■ **ASSIGNMENT**
Without changing a thing, reproduce the entire listing and leave out its pictures.

■ **INFORMATION SUPPLIED**
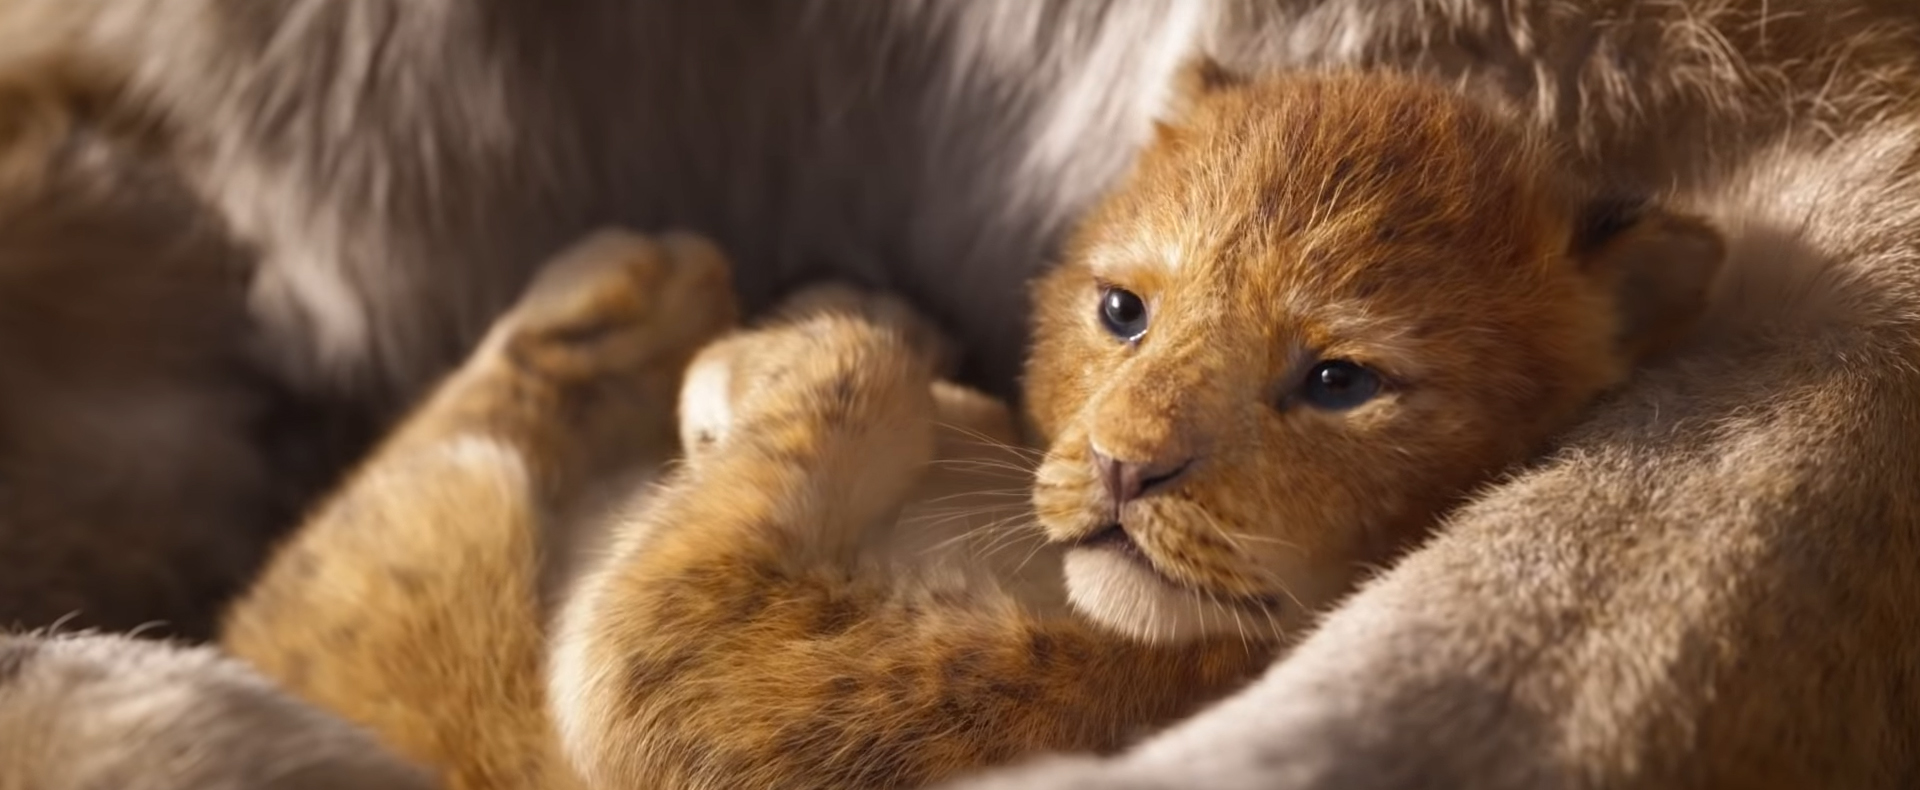 Première bande annonce pour le film «Le Roi Lion»
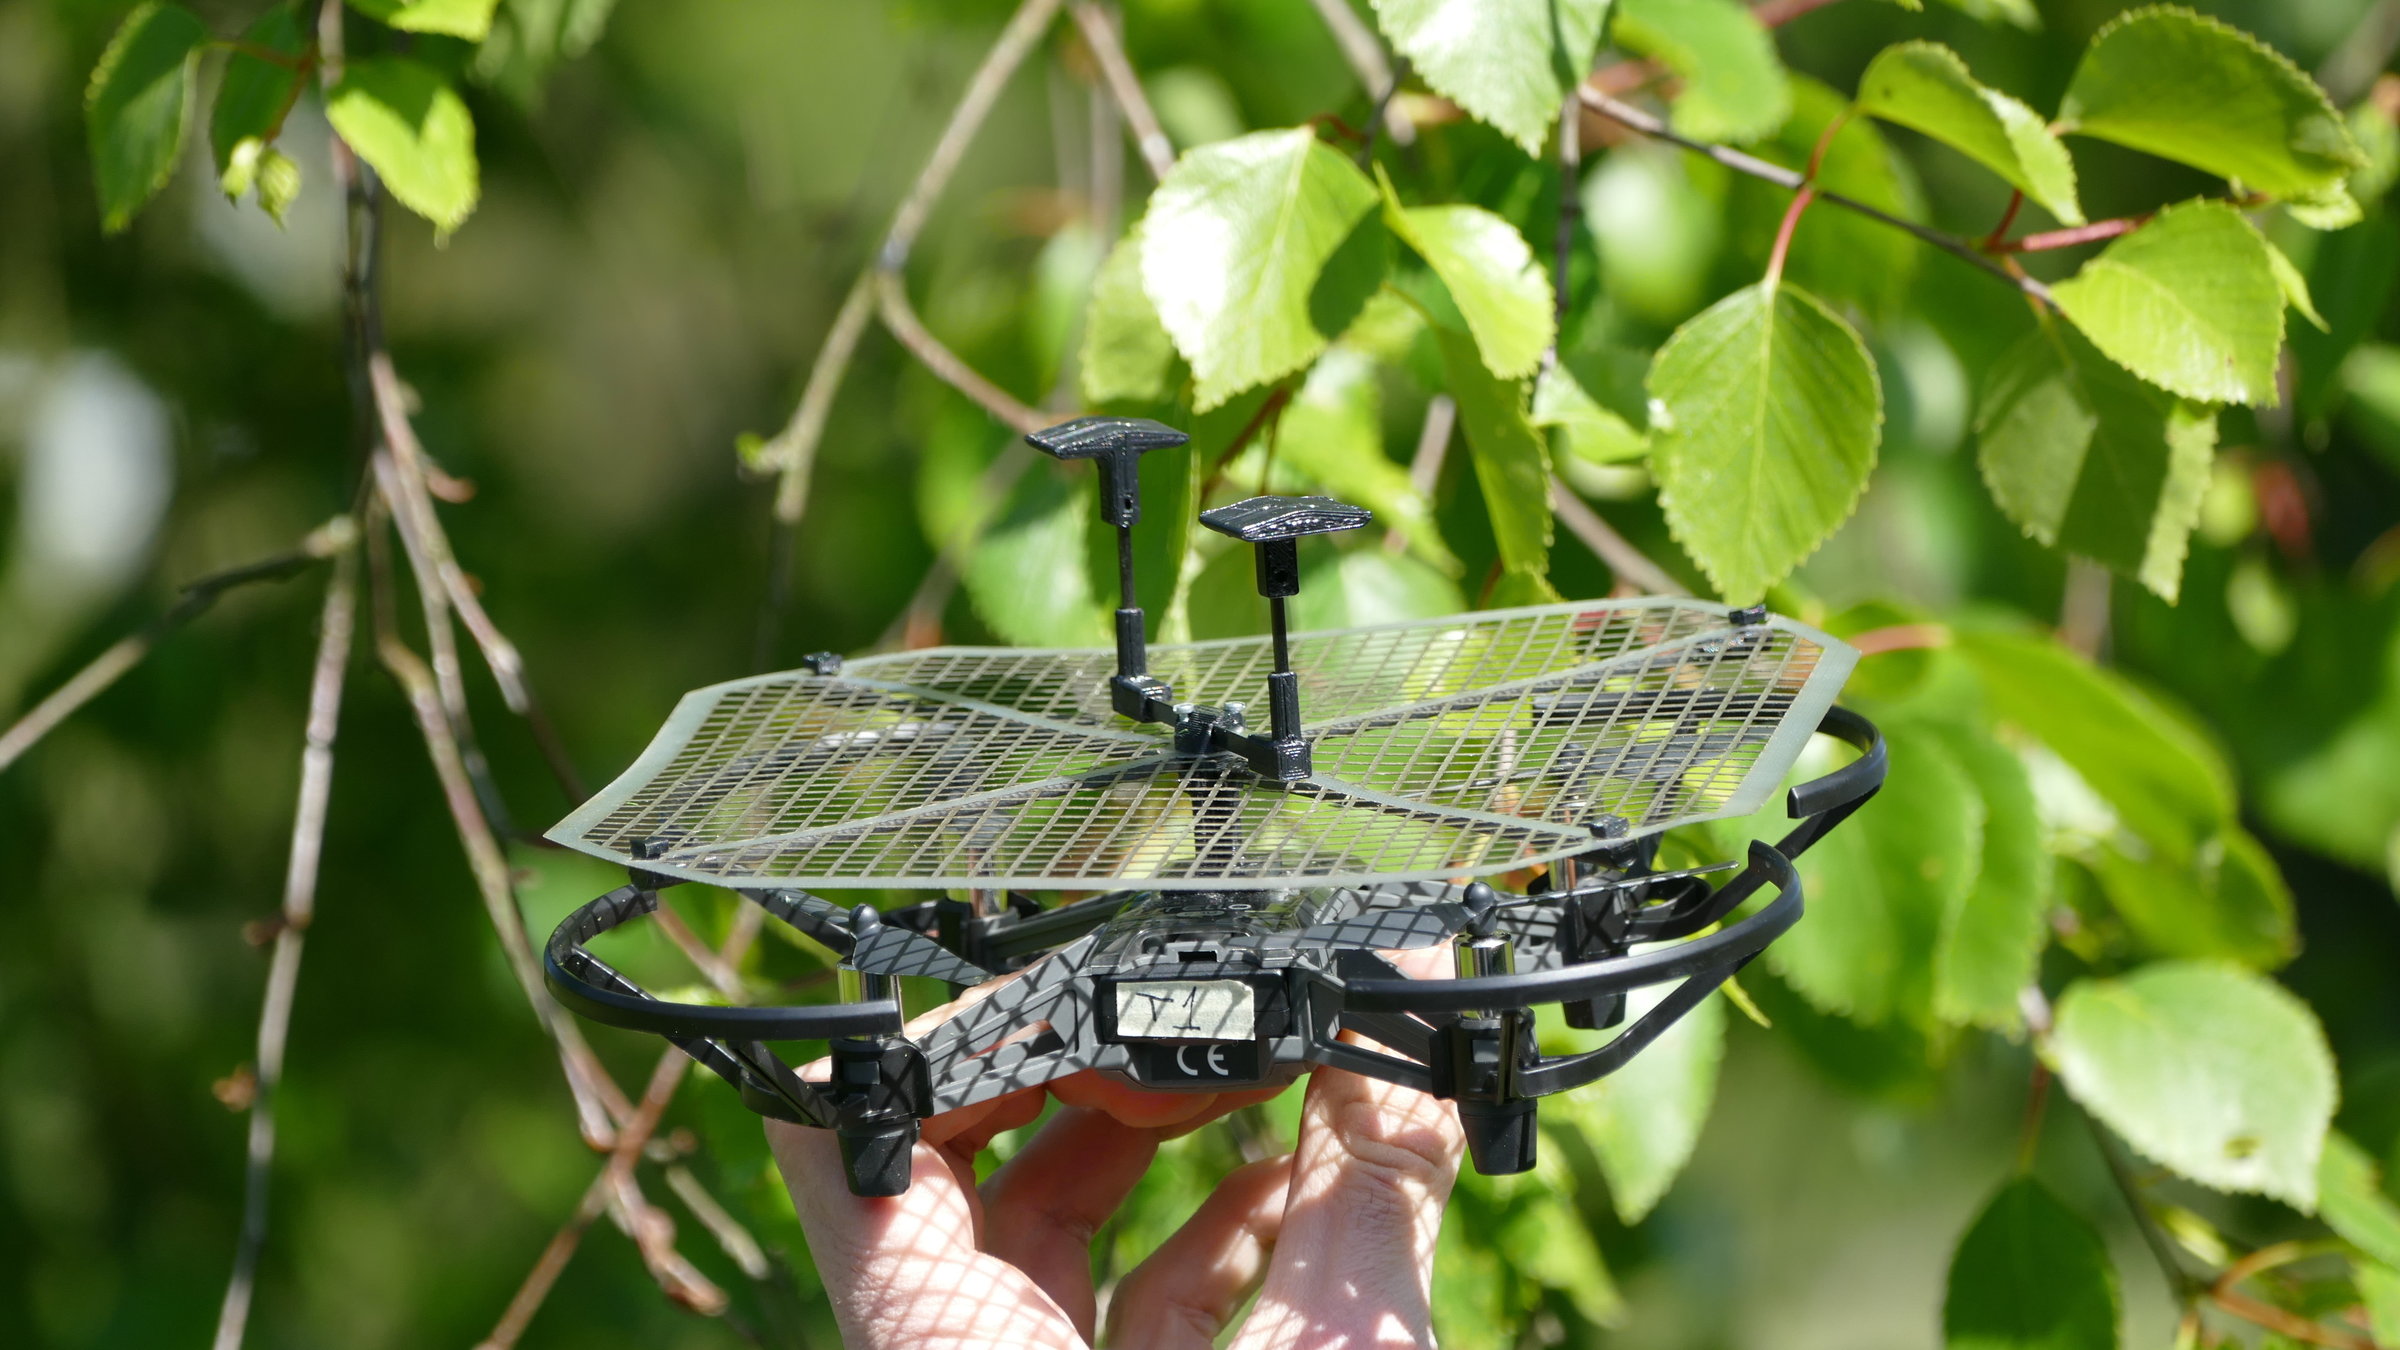 "planet e.: Roboter als Retter? Umweltschutz mit Maschinen": Eine Drohne in Nahaufnahme vor Blättern.
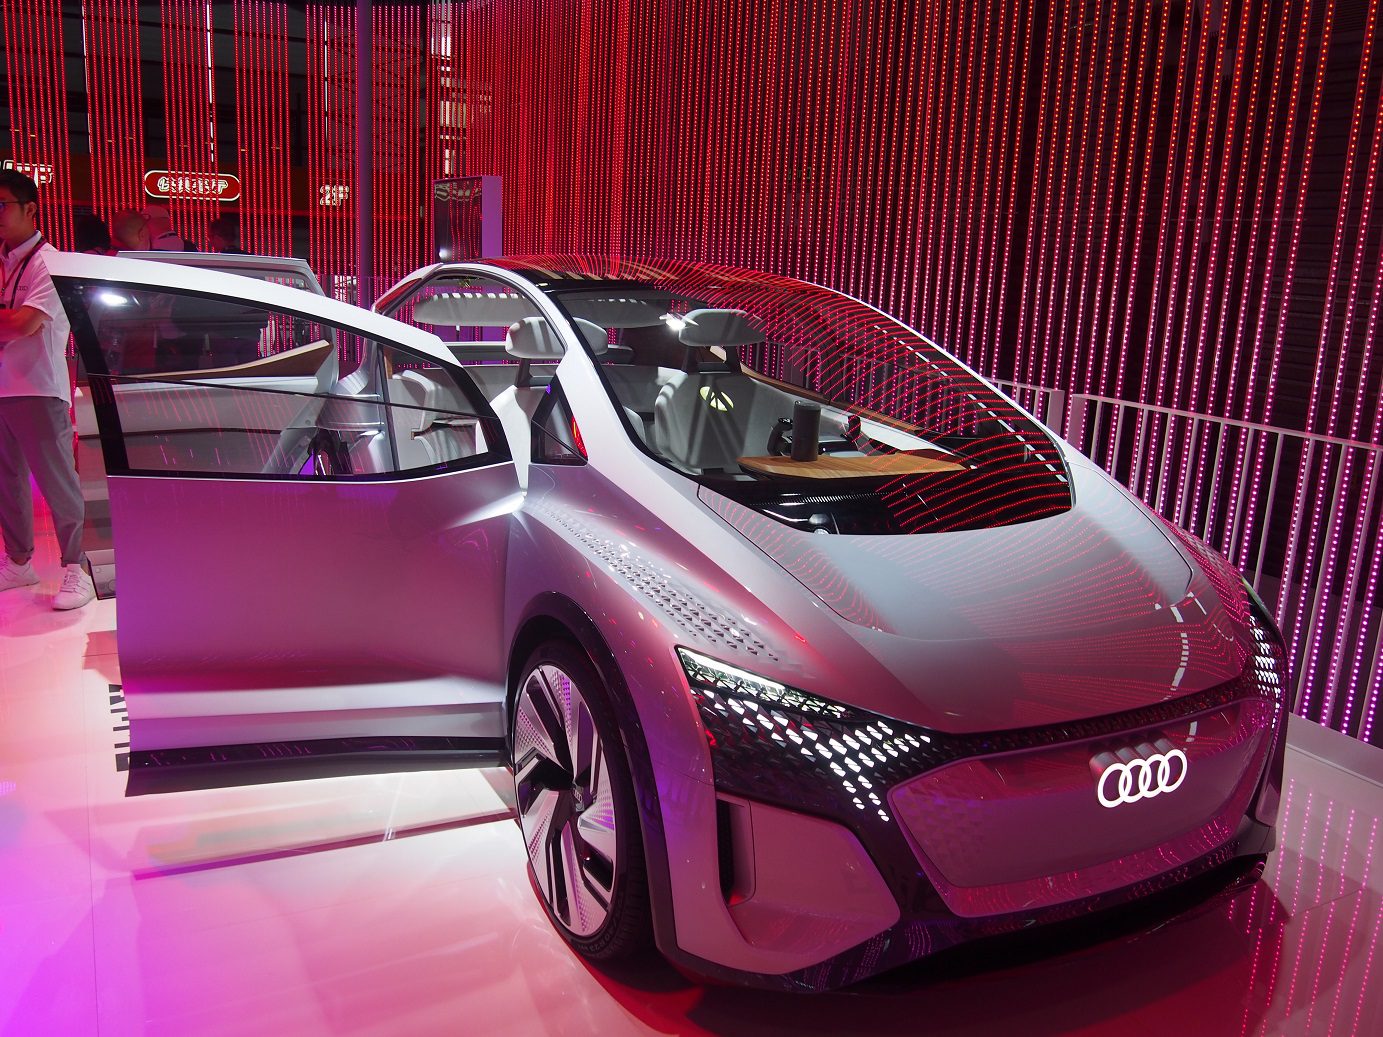 Štýlový model Audi so zabudovaným inteligentným asistentom
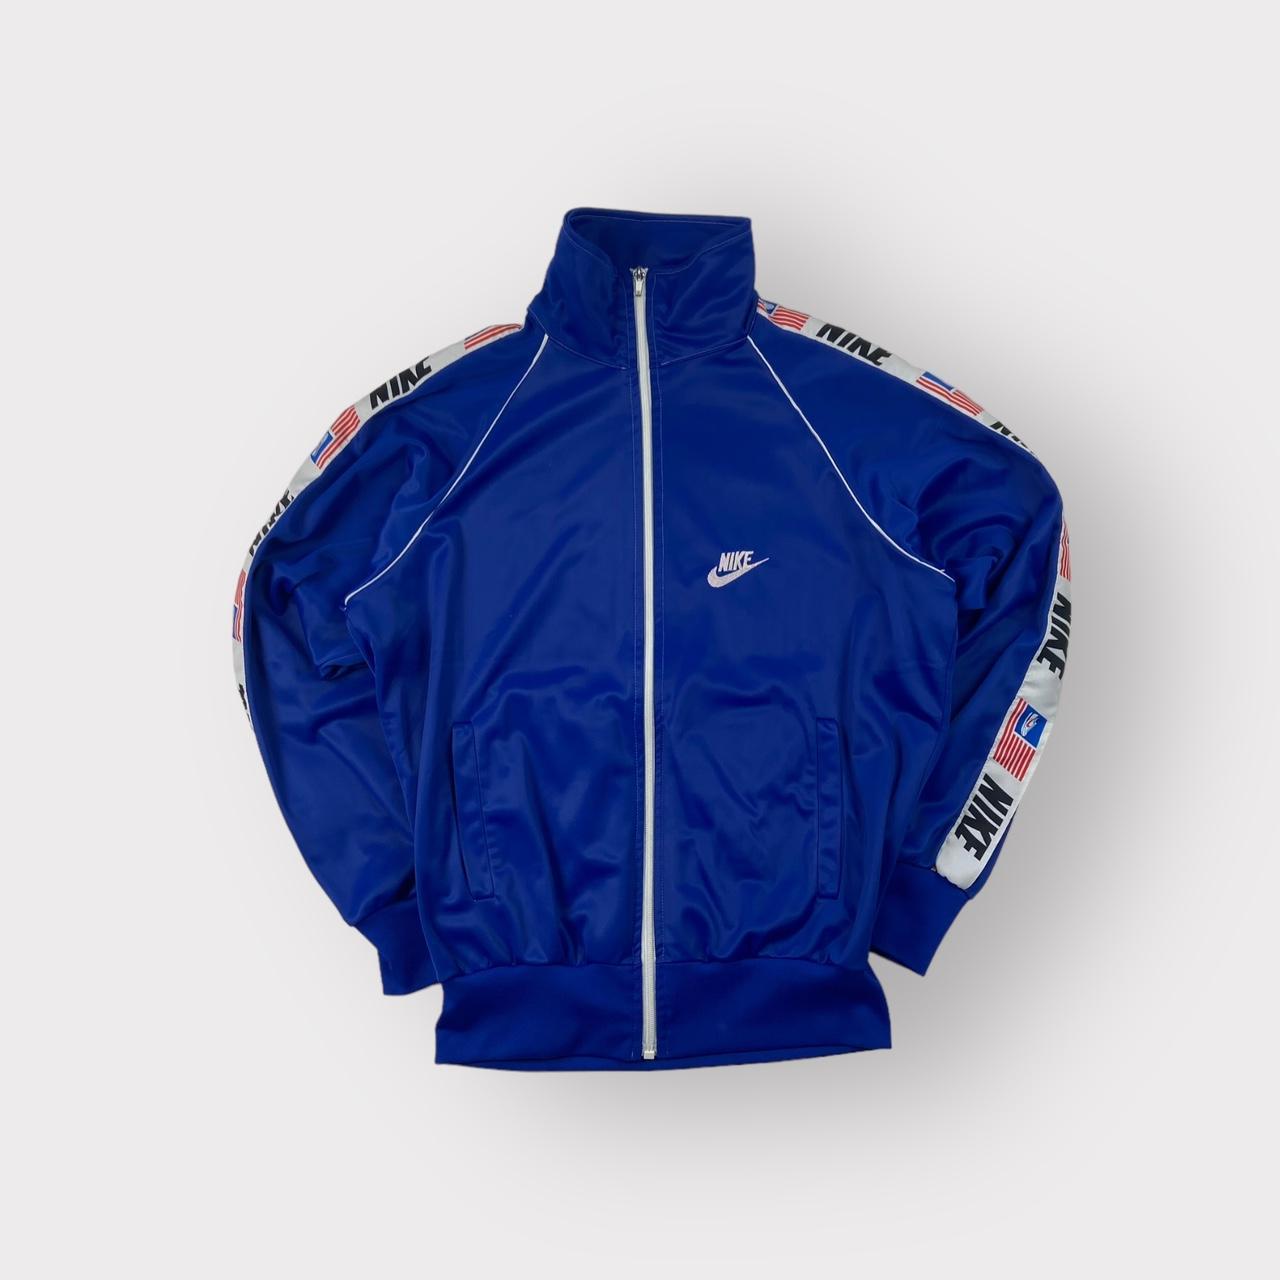 Vintage Nike Sport Jacket Condition: Excellent... - Depop

■ **SOLUTION FOR THIS PROBLEM**
 Première bande annonce pour le film «Le Roi Lion»
 "planet e.: Roboter als Retter? Umweltschutz mit Maschinen": Eine Drohne in Nahaufnahme vor Blättern.
 Štýlový model Audi so zabudovaným inteligentným asistentom
 Vintage Nike Sport Jacket Condition: Excellent... - Depop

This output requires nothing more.